Over the first three months of 2005, while total imports into the United States of cotton trousers, measured in units of thousand dozen, increased slightly, from 151,619,000 to 156,134,000, imports from China increased from only 406,000 to 6,583,000 over the same period. Thus, while imports from China surged, this was from a very low base and China now has only 13 per cent of the market.

It is clear that the United States domestic industry has not been damaged, as imports have increased only slightly. The purpose of the restrictions seems to be to preserve the shares of preferential trading partners that serve as captive markets for the United States yarn and fabric exporters.

Furthermore, in their rush to impose restrictions against China, the importing countries have not taken the time to study the trade data carefully. For example, their figures from the first quarter of 2005 present a distorted picture of the evolution of imports of Chinese origin. The data for the first quarter of 2005 show an increase in imports from China, but also a substantial decrease of imports from Hong Kong, Macau and Chinese Taipei. These volume changes reflect the natural shift from more costly outward processing arrangements to total production in China.

Knowing that the quotas would be abolished on 31 December 2004, traders postponed shipments from the fourth quarter of 2004 into the first quarter of 2005. In addition, the traditional flexibilities permitted under quotas (e.g. “carry forward” ) were not available in the final year of the ATC. The anticipation that the EU and the United States would apply the transitional safeguard clause against China in the second quarter of 2005, prompted buyers to accelerate imports which otherwise would have taken place later in 2005. As a result, trade was artificially suppressed in 2004, and the figure for imports from China inflated for the first quarter of 2005.

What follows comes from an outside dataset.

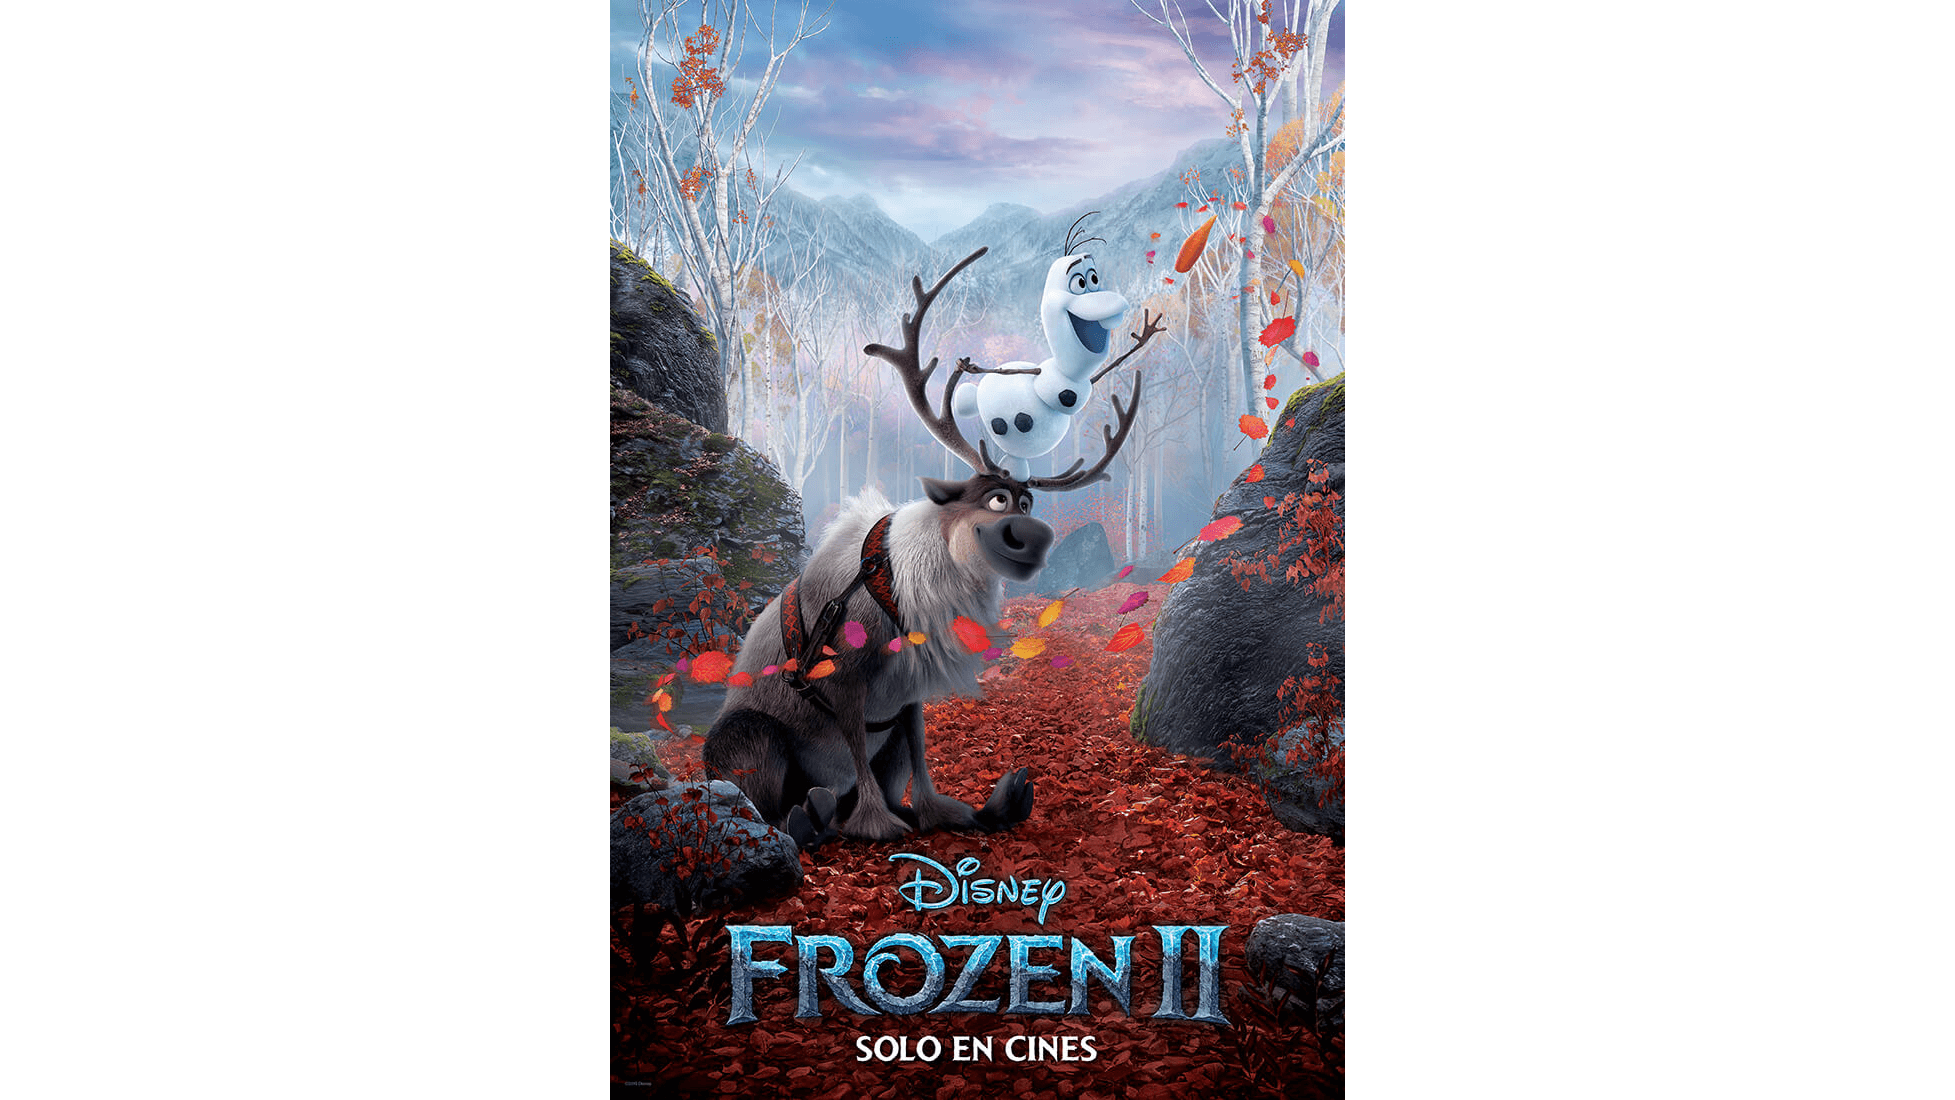 Frozen 2 - Poster Olaf y Sven

China has acted to mitigate export growth

Despite the fact that these increases in market share had been foreseen and did not cause disorder in world trade in textiles and clothing, China took unilateral action to mitigate this growth by imposing export duties on textiles and clothing exports on 148 tariff lines at the 8-digit level, on 1 January 2005. More recently, on 20 May, the Tariff Committee of the State Council decided to increase export duties on 74 tariff lines at the 10-digit level. This voluntary measure was designed to stabilize exports and encourage Chinese enterprises to transform their pattern of export growth. These export duties were specific, not ad valorem, thus imposing a higher tax burden on cheaper products, in order to discourage exporters from increasing export volumes of low value added products.

China considered that this action would convince its trading partners of its seriousness in meeting the spirit of the transitional textiles safeguard clause. However, after the United States imposed restrictions against seven categories of the Chinese products and the EU initiated the cases against two Chinese products, the Chinese Government revoked the decision to levy export duties on 81 Chinese textiles products out of the total number of textiles products subject to export duties, in order to prevent the Chinese textiles exporters from being twice penalized. Export duties on the remaining, unrestricted products were kept in place.

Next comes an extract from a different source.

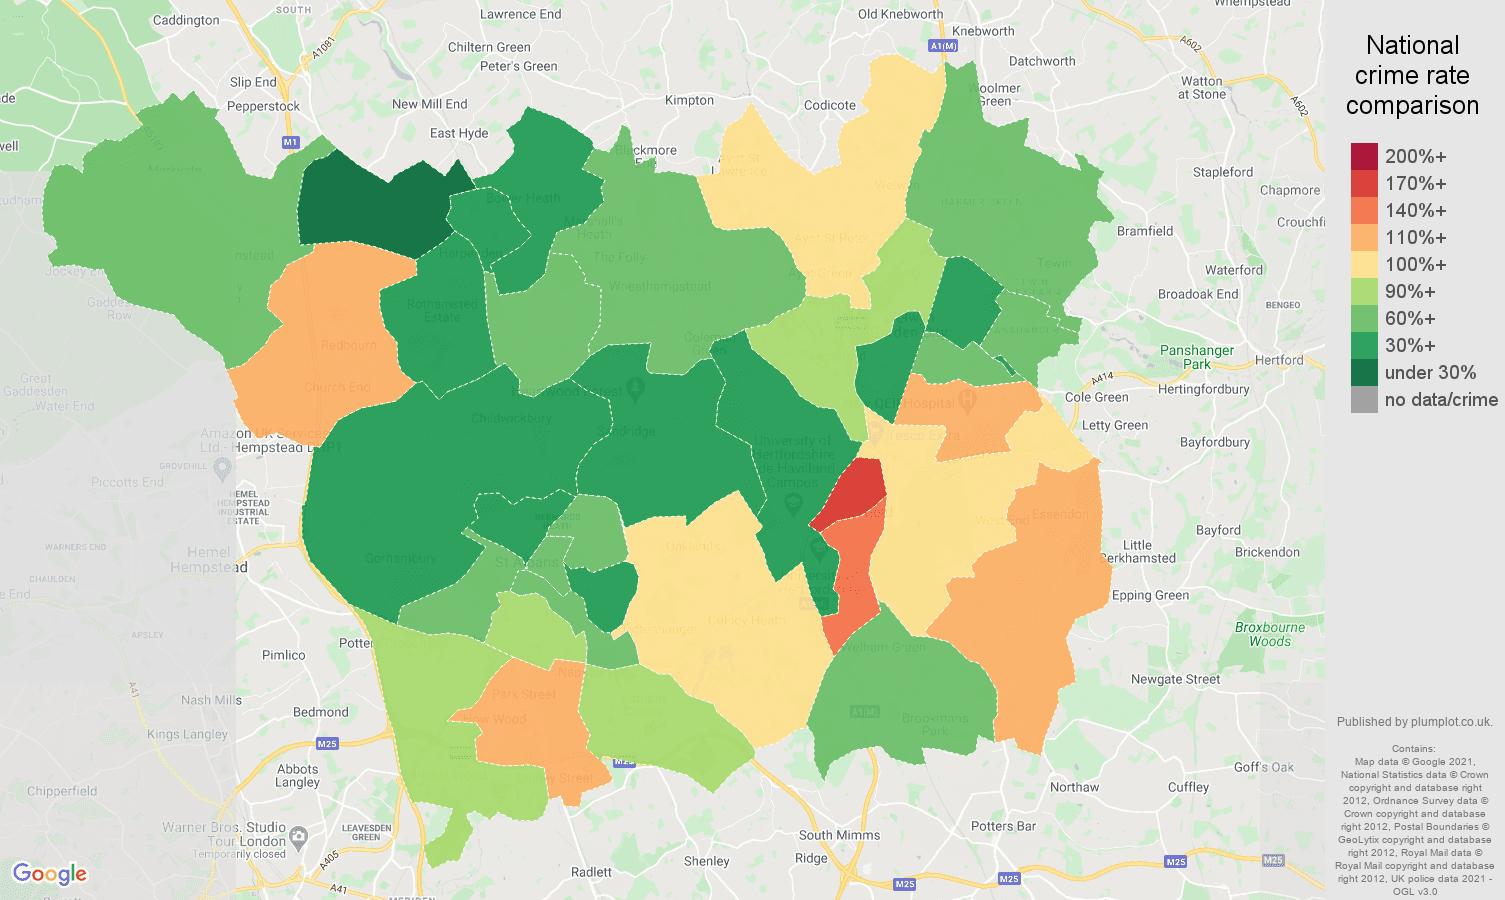 St Albans burglary crime rate comparison map

China is not asking that its trading partners refrain from taking legitimate action to prevent their domestic industries from being injured by surges of imports of textiles, clothing or any other product. However, in future, such action should be taken under the WTO Agreement on Safeguards which does not permit discrimination against any one country, and sets out a clear set of procedures and economic criteria which have been clarified in a series of precedents under WTO.

China assists the poorer countries

As the final implementation of the ATC drew closer, protectionist interests in the major trading countries mounted an attack against China. Their approach emphasized not only the impact of unrestricted Chinese exports on their own domestic industries, but also on the exports of those poorer countries, where clothing industries had been set up as a response to the quota regime. Their strategy was to portray discriminatory restrictions against China as a “humanitarian” measure in defense of the interests of poor people, especially women, in the least developed countries.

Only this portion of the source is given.